• **Given information**
-------------------------

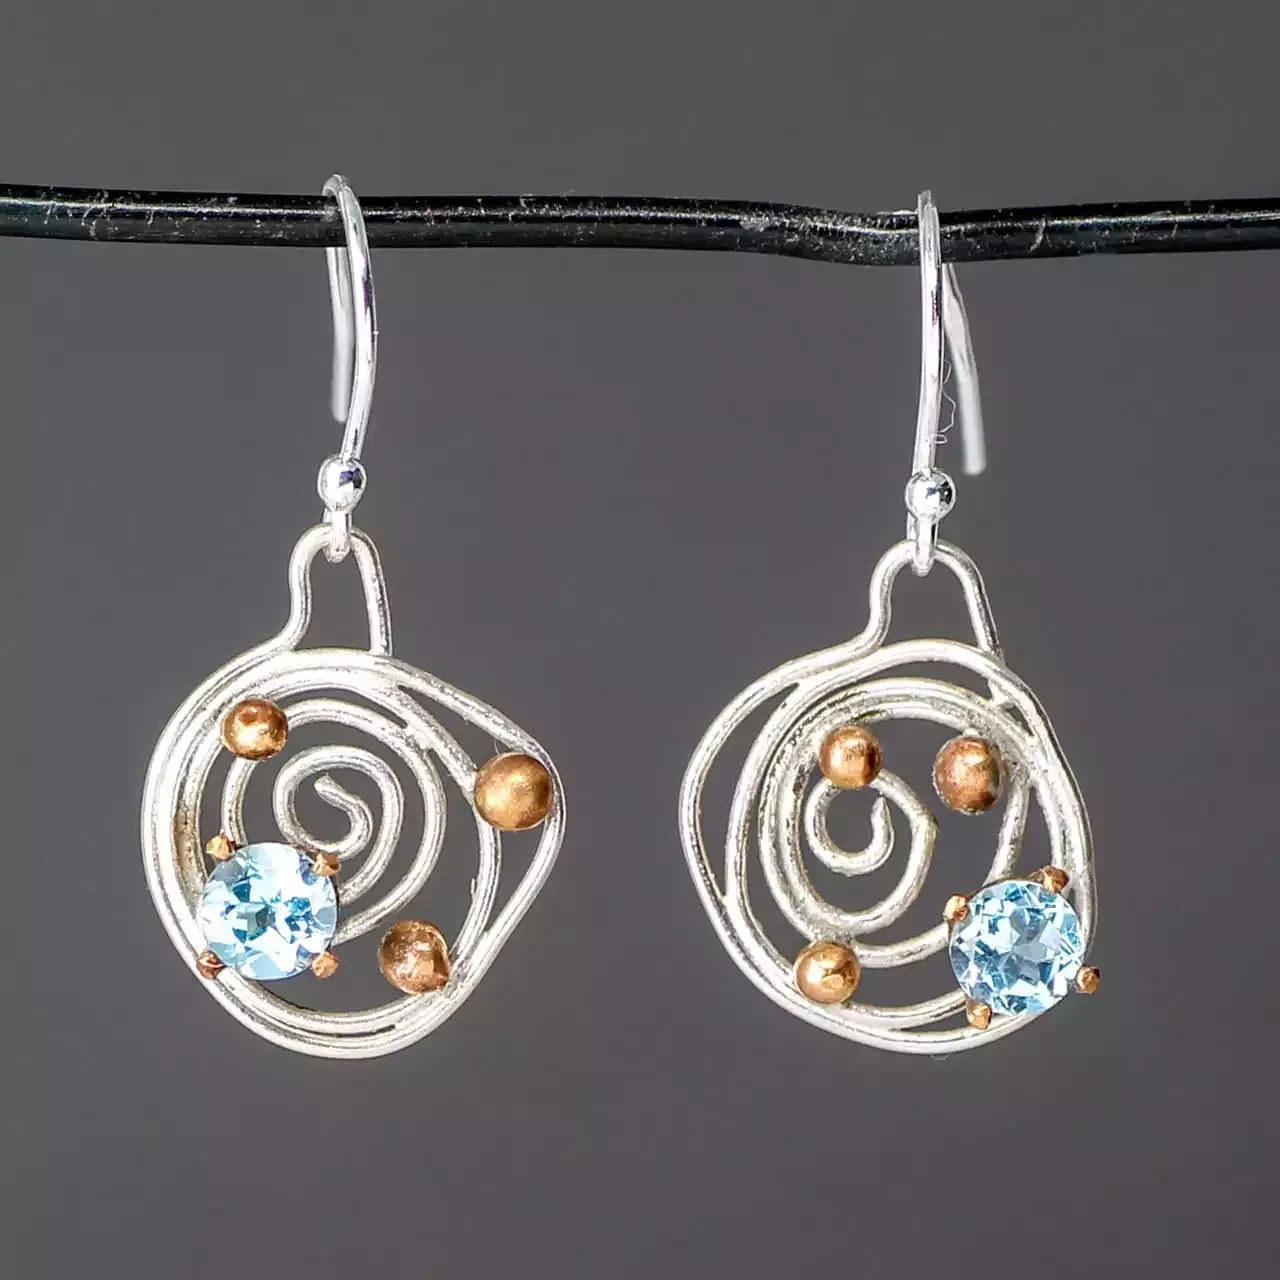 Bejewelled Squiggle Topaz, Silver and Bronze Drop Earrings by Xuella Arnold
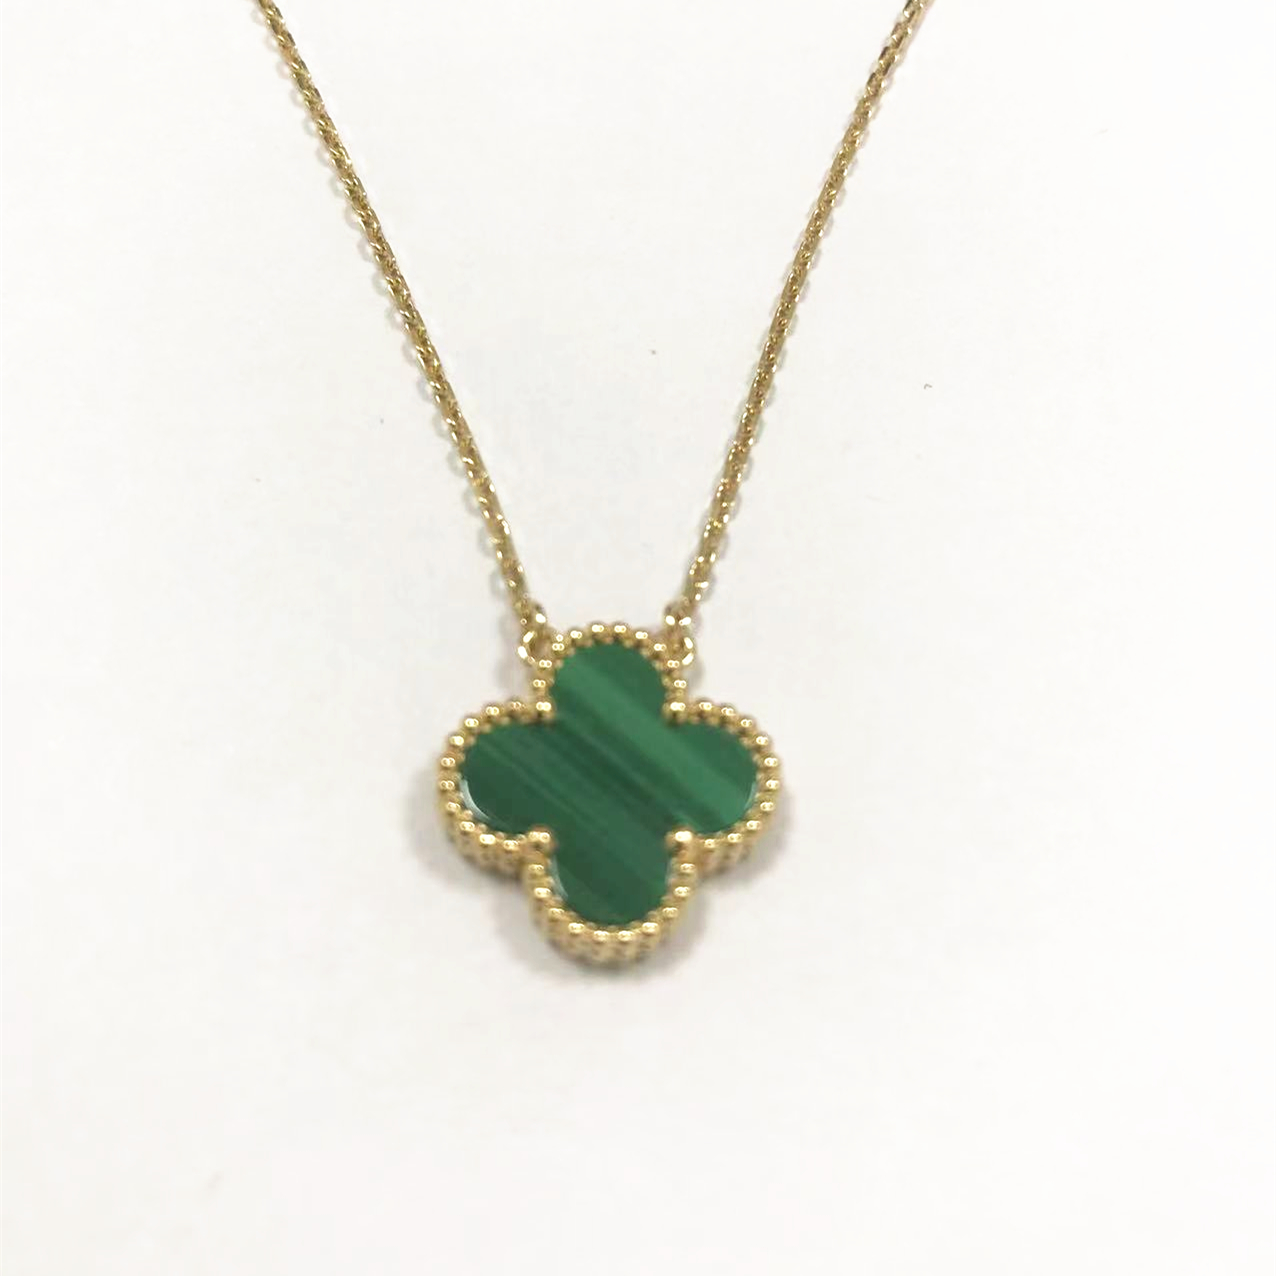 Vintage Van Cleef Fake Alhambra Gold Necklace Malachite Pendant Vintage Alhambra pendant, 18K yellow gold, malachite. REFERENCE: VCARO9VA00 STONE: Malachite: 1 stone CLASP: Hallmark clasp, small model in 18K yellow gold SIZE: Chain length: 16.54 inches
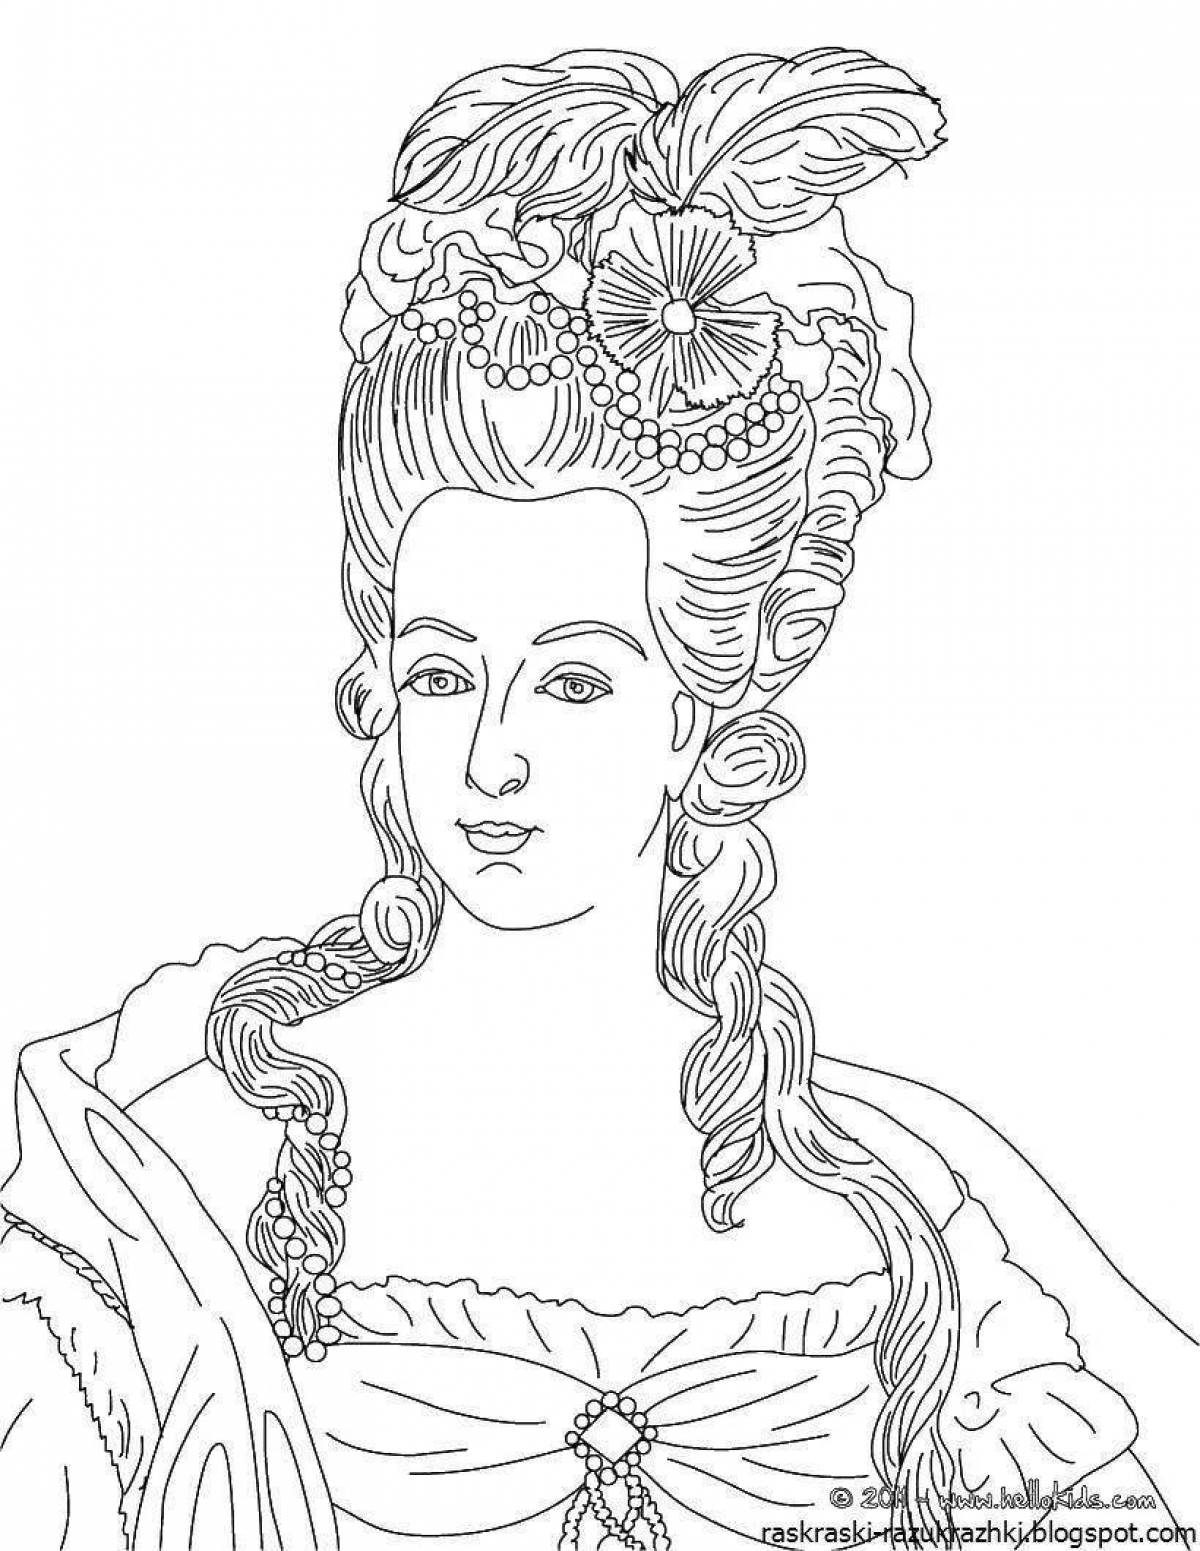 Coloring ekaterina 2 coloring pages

-------------------------

• **Instructions to follow**
Give back the whole listing as it stands, minus its pictures.

• **Your response**
 Bejewelled Squiggle Topaz, Silver and Bronze Drop Earrings by Xuella Arnold
 Vintage Van Cleef Fake Alhambra Gold Necklace Malachite Pendant Vintage Alhambra pendant, 18K yellow gold, malachite. REFERENCE: VCARO9VA00 STONE: Malachite: 1 stone CLASP: Hallmark clasp, small model in 18K yellow gold SIZE: Chain length: 16.54 inches
 Coloring ekaterina 2 coloring pages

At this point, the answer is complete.